RagingModerate
Cadet
- Joined
- Jan 10, 2009
- Location
- USA
Nate Silver today published a thoughtful piece on contemporary separatist movements at http://www.fivethirtyeight.com/2009/04/recession-succession-and-secession.html
Here is an excerpt:
Here is an excerpt:
In the US, Hawaiian sovereignty activists are likely the most legitimate voices for an independent nation, with even the US government recognizing wrongdoing. In November 1993, then-President Clinton signed the famous "Apology Resolution," passed by both houses of Congress, which admitted that, "the indigenous Hawaiian people never directly relinquished their claims to their inherent sovereignty as a people or over their national lands to the United States." In short, US military forces supported an illegal overthrow of the constitutional monarchy in 1887, and a similarly extra-legal 1898 annexation.
Other movements, such as the Alaskan Independence Party, Second Vermont Republic, and Texan efforts are not strictly linked to historical wrongs, but instead a new frustration with the US. Indeed, anytime communities become alienated from the national system, often along identity and economic lines, the talk of separation tends to become louder.
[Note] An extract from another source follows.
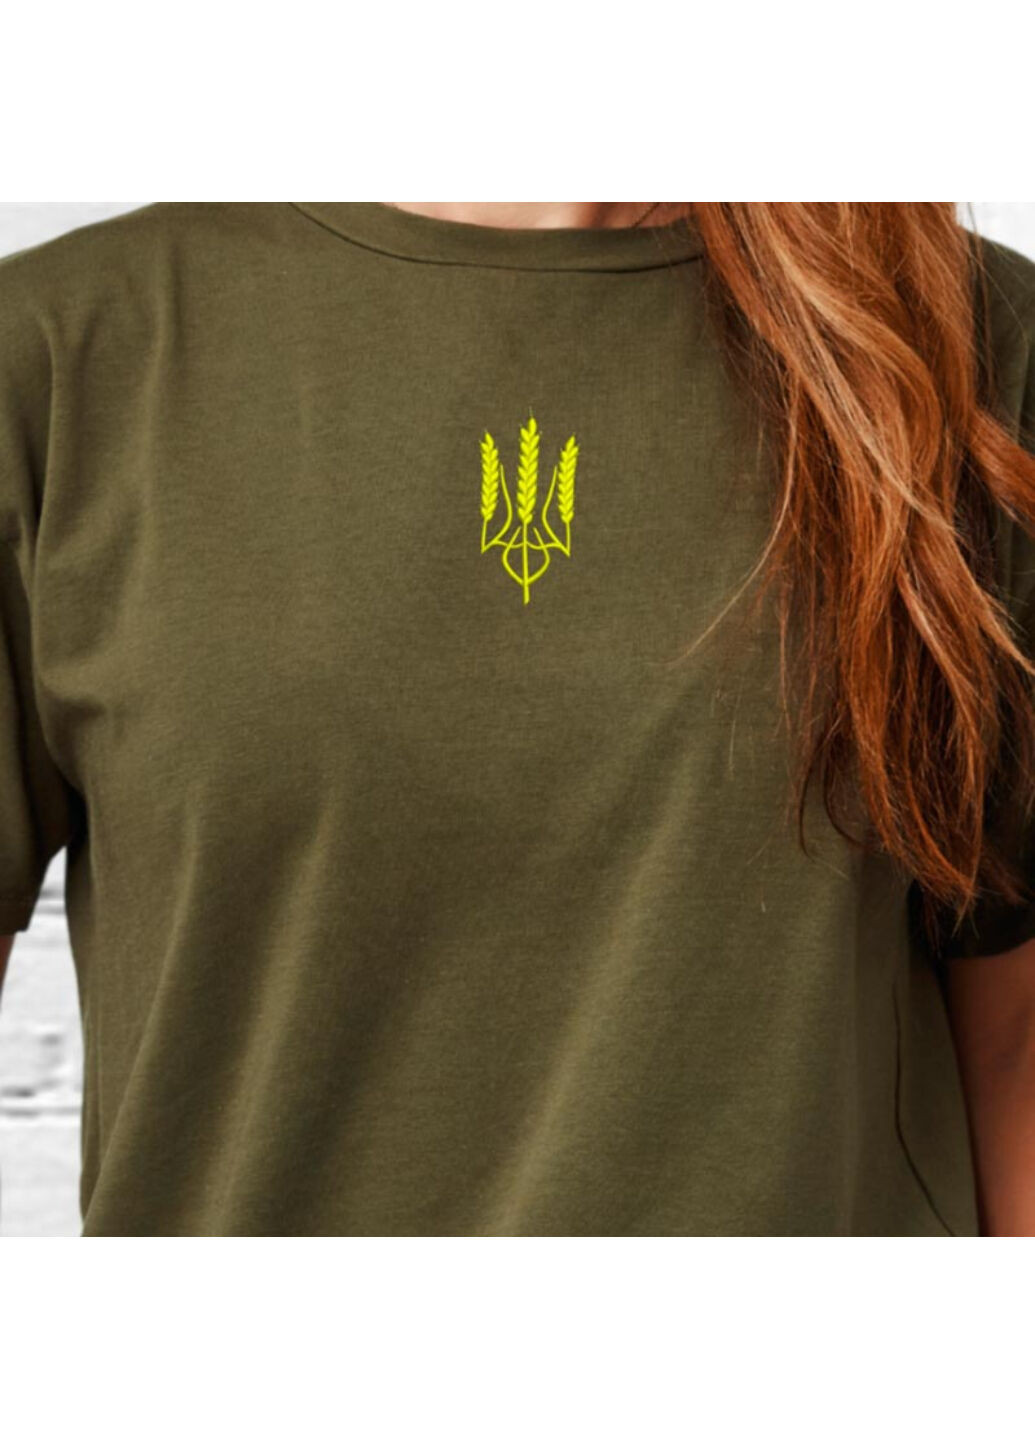 Хакі (оливкова) футболка з вишивкою тризуба (колос) 02 жіноча millytary green m No Brand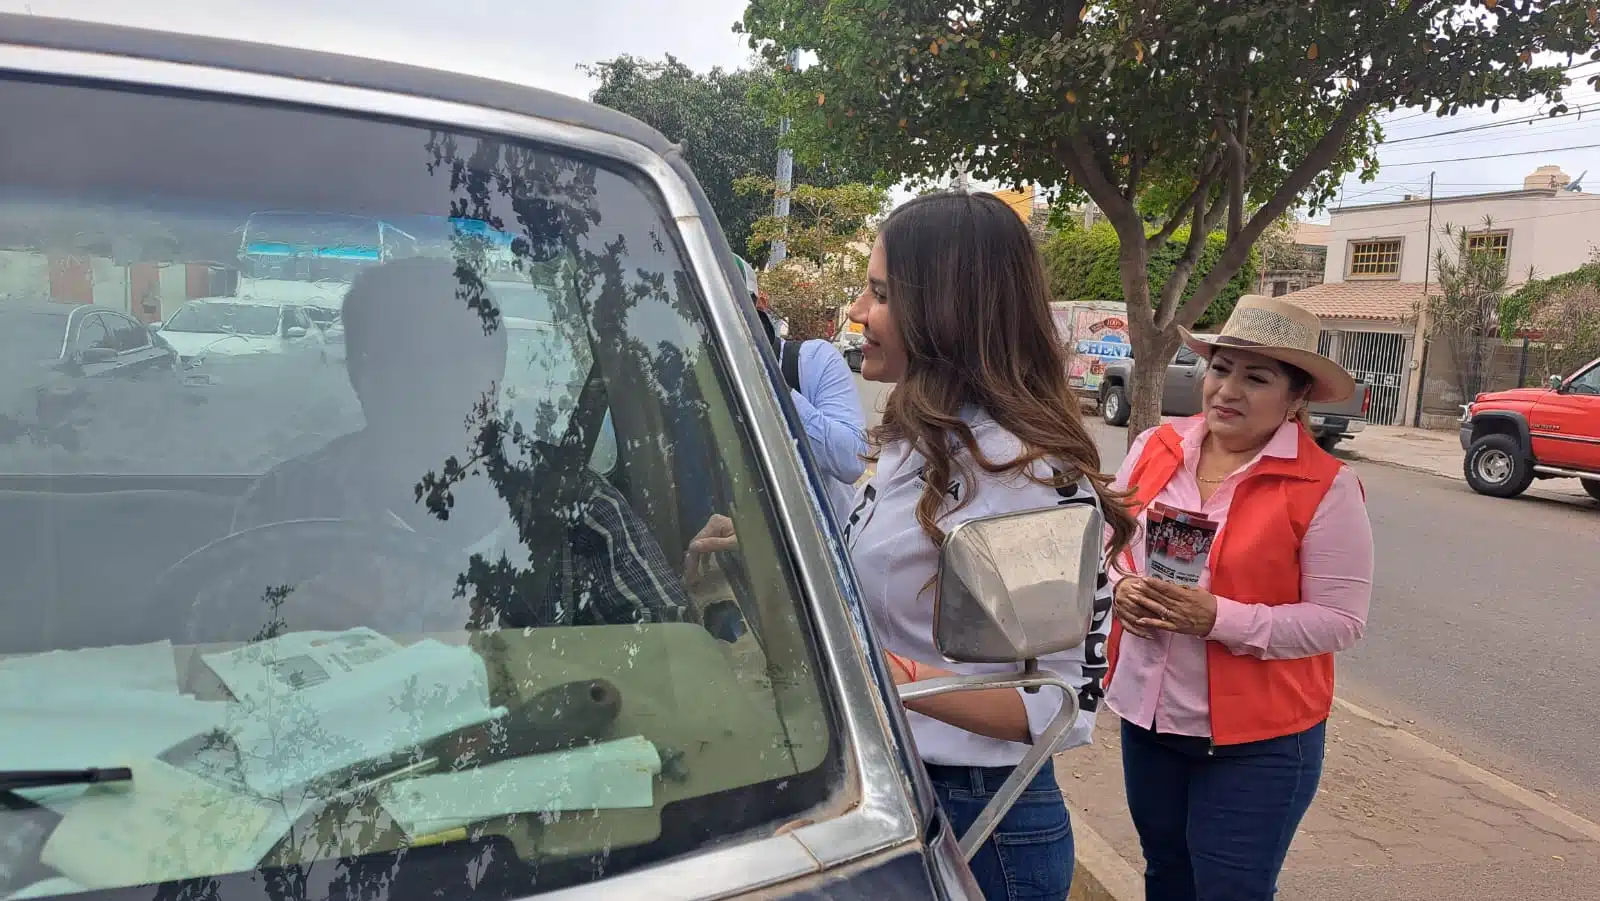 Paloma Sánchez cuestionando a conductores de Guasave sobre inquietudes de sus propuestas como candidata al Senado

Particularly in a time of economic upheaval and recession, historical cleavages in society become more likely to promote separatist feelings.
Across the globe today, sub-national groups continue to clamor for recognition, some more fervently than others. Ranging from the examples of Belgium, Spain, Somalia, Canada, Morocco, Russia, Iraq/Turkey, China, Israel/OPT and so on, to the less aggressive cases like Italy, France, and Puerto Rico, nearly every nation on the planet has some level of separatist tendency, which stretches the fabric of national unity.